L’attractivité retrouvée du PEL

Ils sont détenus par près d’un ménage sur trois, mais leur stabilité masque toutefois des évolutions contrastées selon les produits qui la composent. Après un repli de 3 points entre 2004 et 2010, la détention de Comptes épargne-logement (CEL) stagne alors que celle de Plans épargne-logement (PEL) repart à la hausse (+ 3 points entre 2010 et 2015, après – 11 points) avec, début 2015, un ménage sur quatre titulaire d’un PEL. Au total, parmi les ménages possédant de l’épargne-logement début 2015, un peu plus de la moitié ne détient qu’un PEL, un cinquième uniquement un CEL et un quart dispose des deux produits.
Ces évolutions sont sans doute principalement dues aux variations des taux de rendement entre produits d’épargne. De fait, les changements législatifs autour du PEL intervenus au cours des années 2000 (obtention de la prime d’État sous condition, fiscalisation des intérêts des PEL de plus de 12 ans) ont rendu ce placement plus contraignant et ont induit une baisse de détention entre 2004 et 2010. Par la suite, la rémunération (non fiscalisée, fixée à 2,5 % entre août 2003 et janvier 2015, prime d’État non comprise) est devenue plus attractive sur le long terme que celle du livret A, ce qui a relancé l’intérêt du PEL comme placement d’épargne, alors que sa vocation initiale était de faciliter l’achat d’un bien immobilier par le biais de prêt à taux négocié.

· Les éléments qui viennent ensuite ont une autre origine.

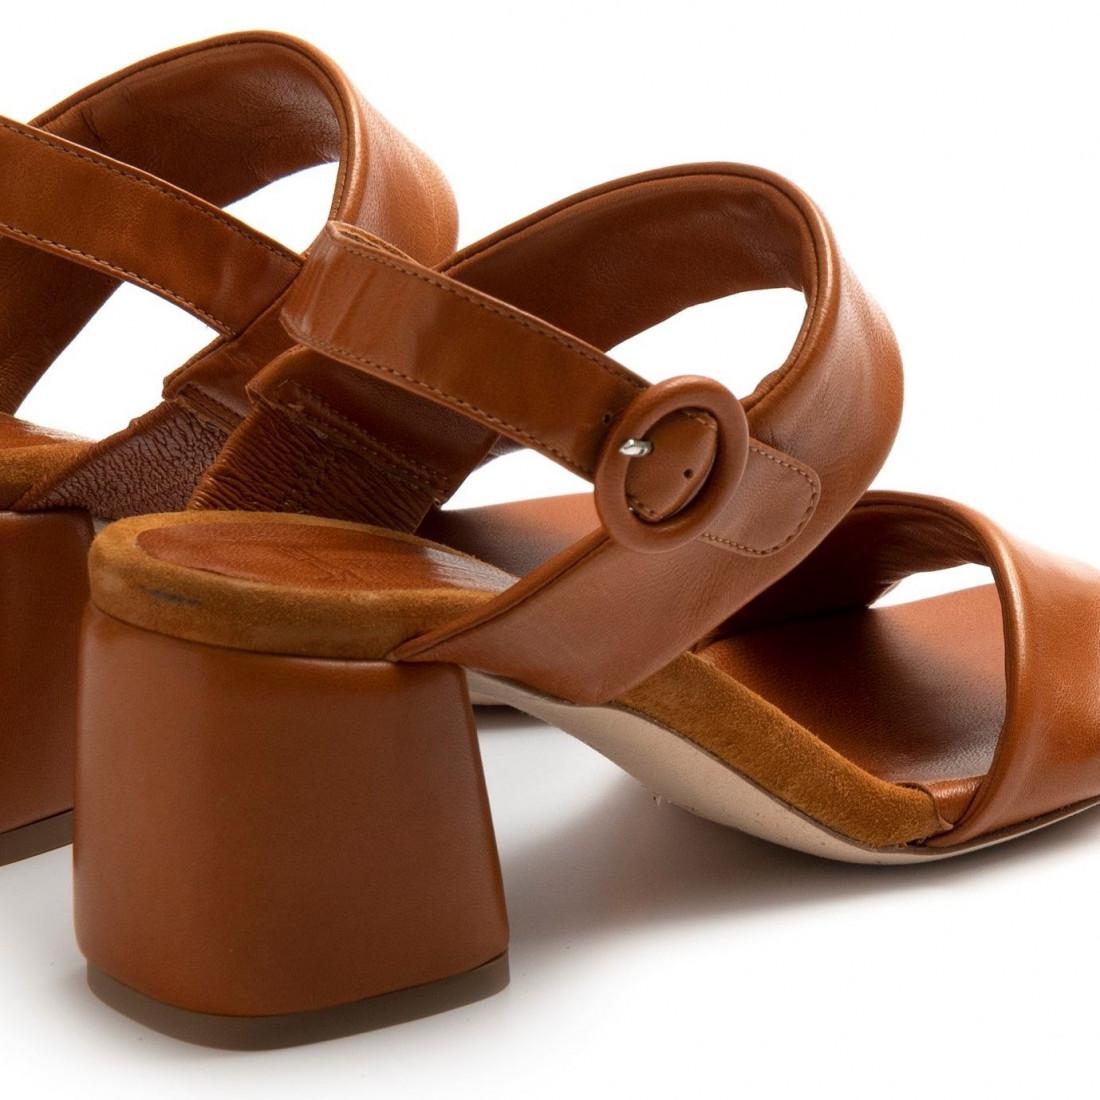 sandali donna lorenzo masiero 21113spicy brown 8577
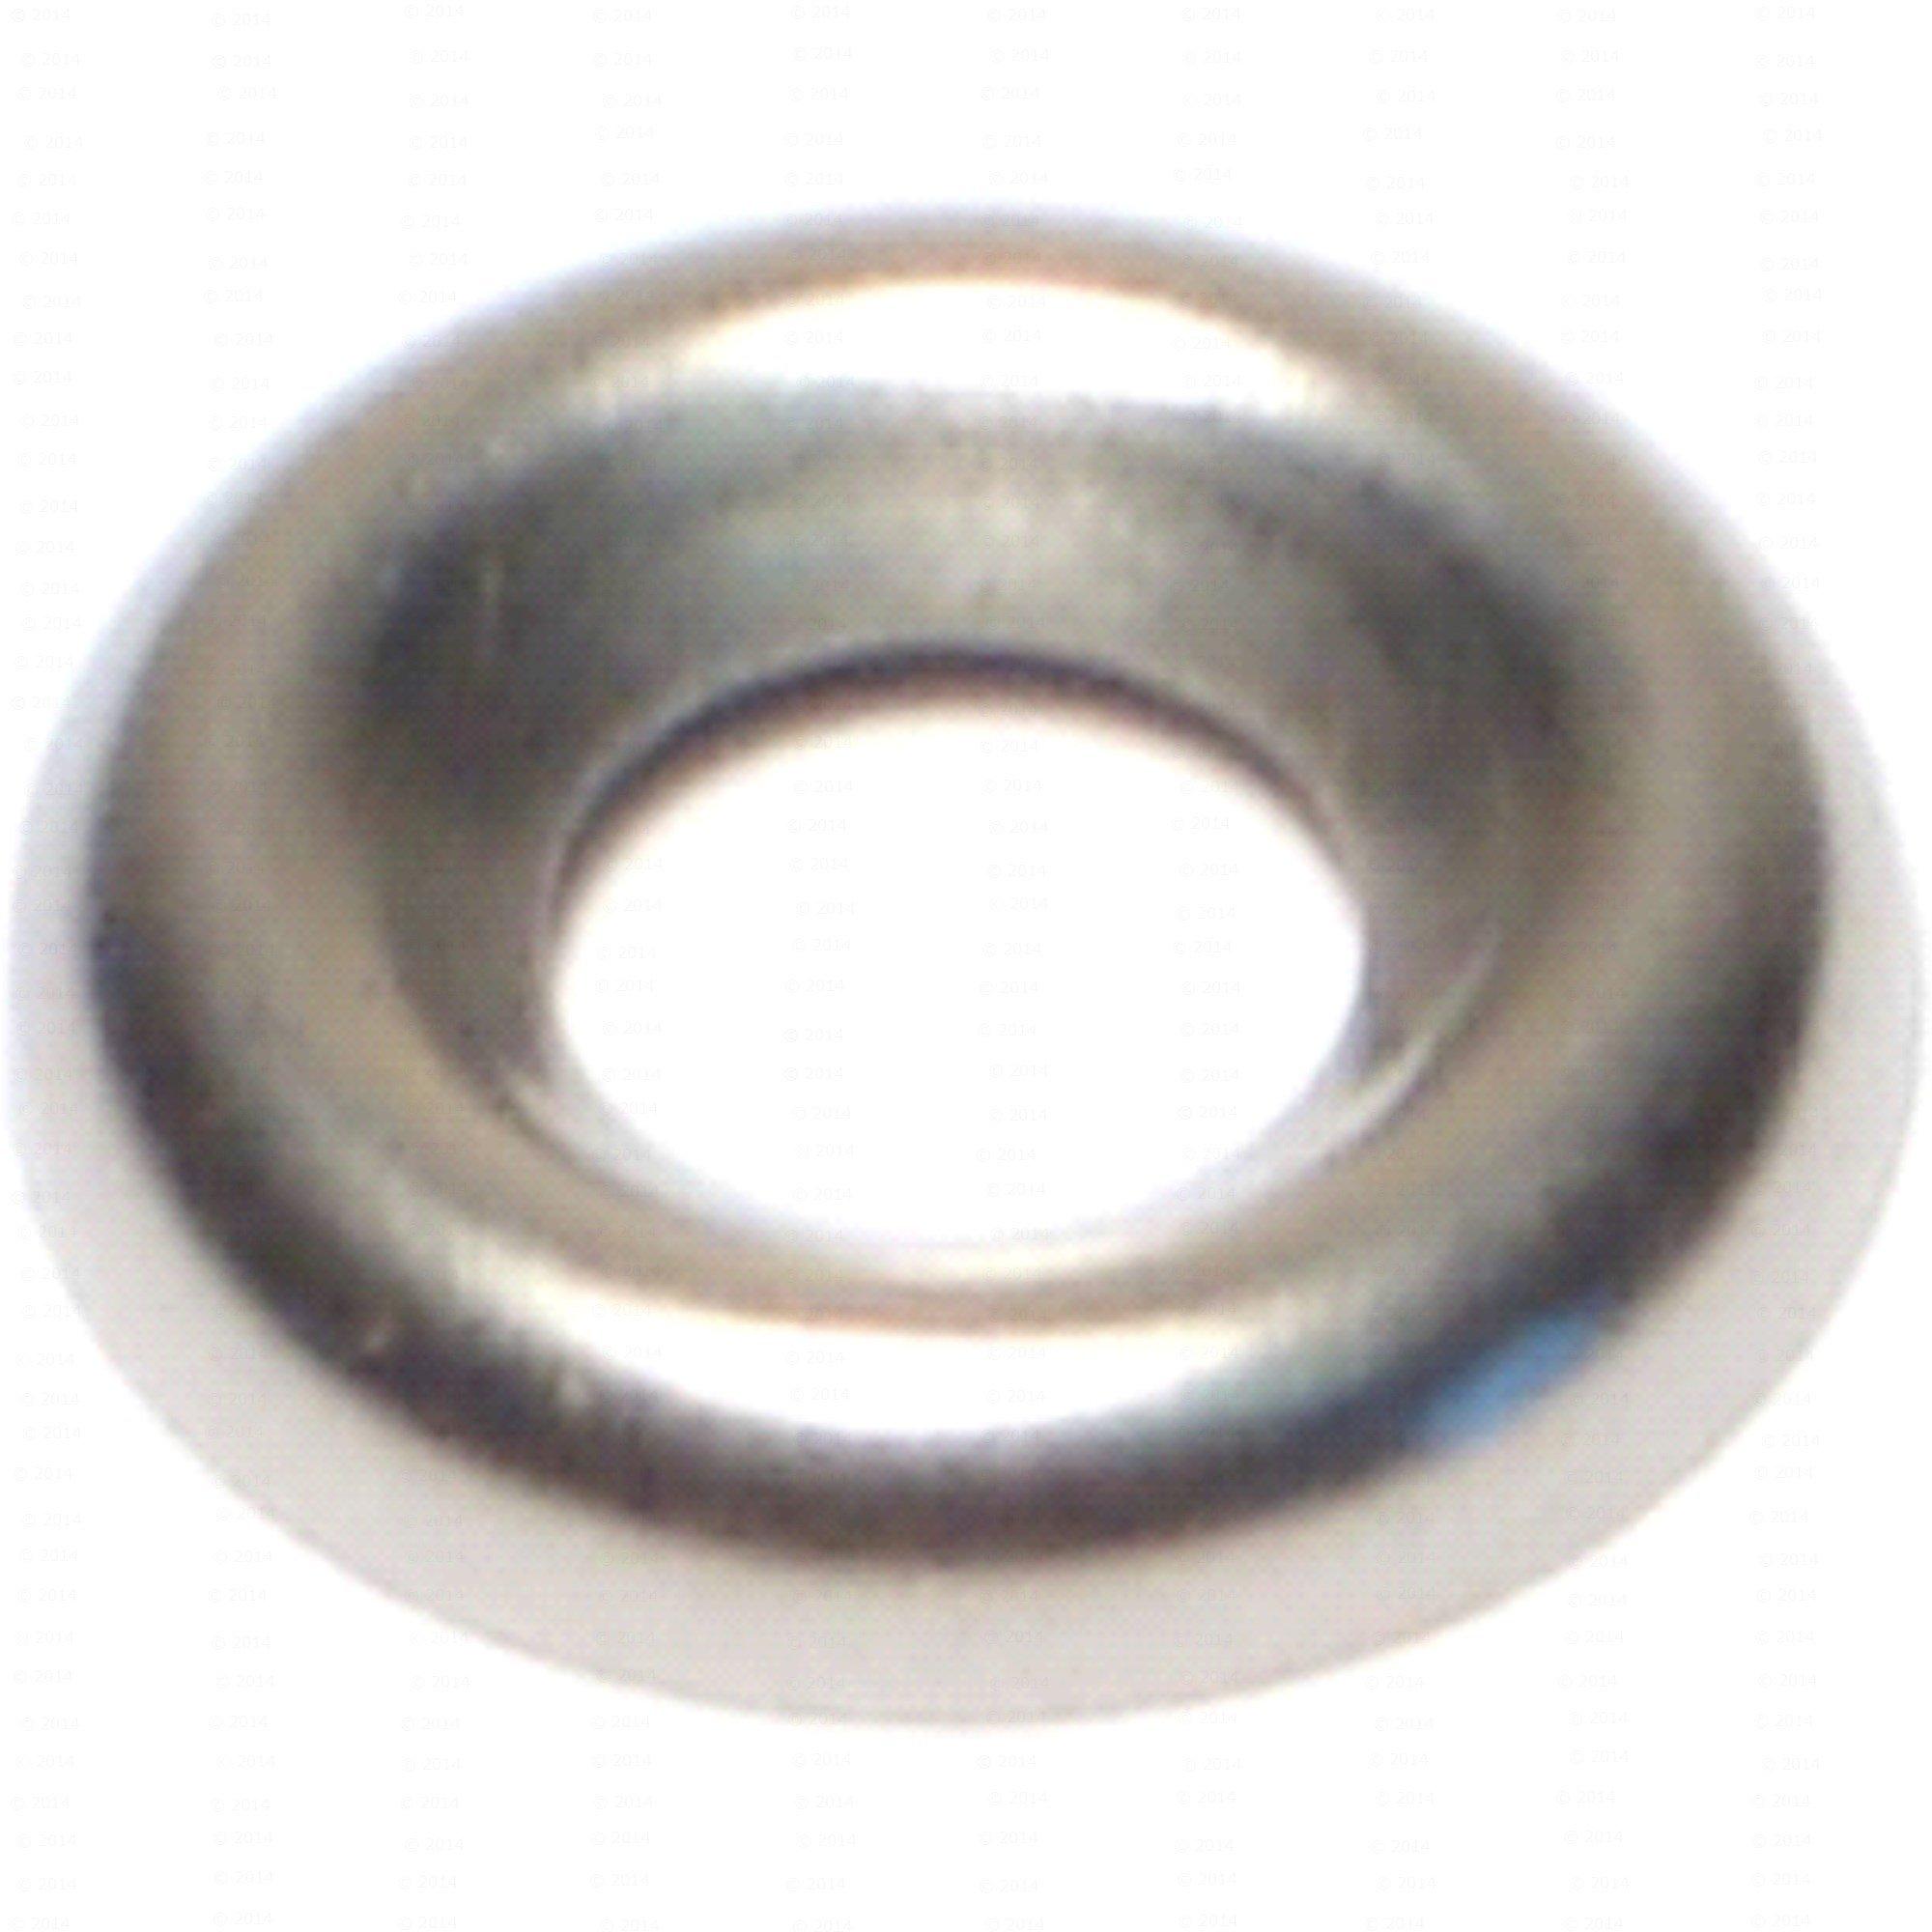 Hard-to-Find Fastener 014973352141 Finishing Washers, 10, Piece-24

À l’inverse, la rémunération du CEL, fixée à 0,75 % depuis août 2013 et inférieure à celle du livret A, incite à transférer les actifs vers d’autres supports plus rémunérateurs.
Début 2015, l’épargne-logement est toujours détenue majoritairement par des ménages en couple : en moyenne, 38 % d’entre eux en possèdent. Parmi les couples sans enfant, ce sont les moins de 30 ans suivis des trentenaires (respectivement 50 % et 44 % d’entre eux) qui privilégient ces produits, comme apport pour un premier achat immobilier. Parmi les couples avec enfants, ce sont les 40–59 ans qui l’adoptent surtout, peut-être en prévision de travaux ou d’un changement de résidence principale dont ils sont majoritairement propriétaires. La forte détention de PEL parmi les ménages de cadres et de professions libérales (détenteurs respectivement de 53 % et 59 % d’épargne-logement) illustre l’attractivité de ce produit. Par ailleurs, une fois à la retraite, seules ces catégories continuent à en détenir de manière importante (38 %, contre 24 % en moyenne, début 2015).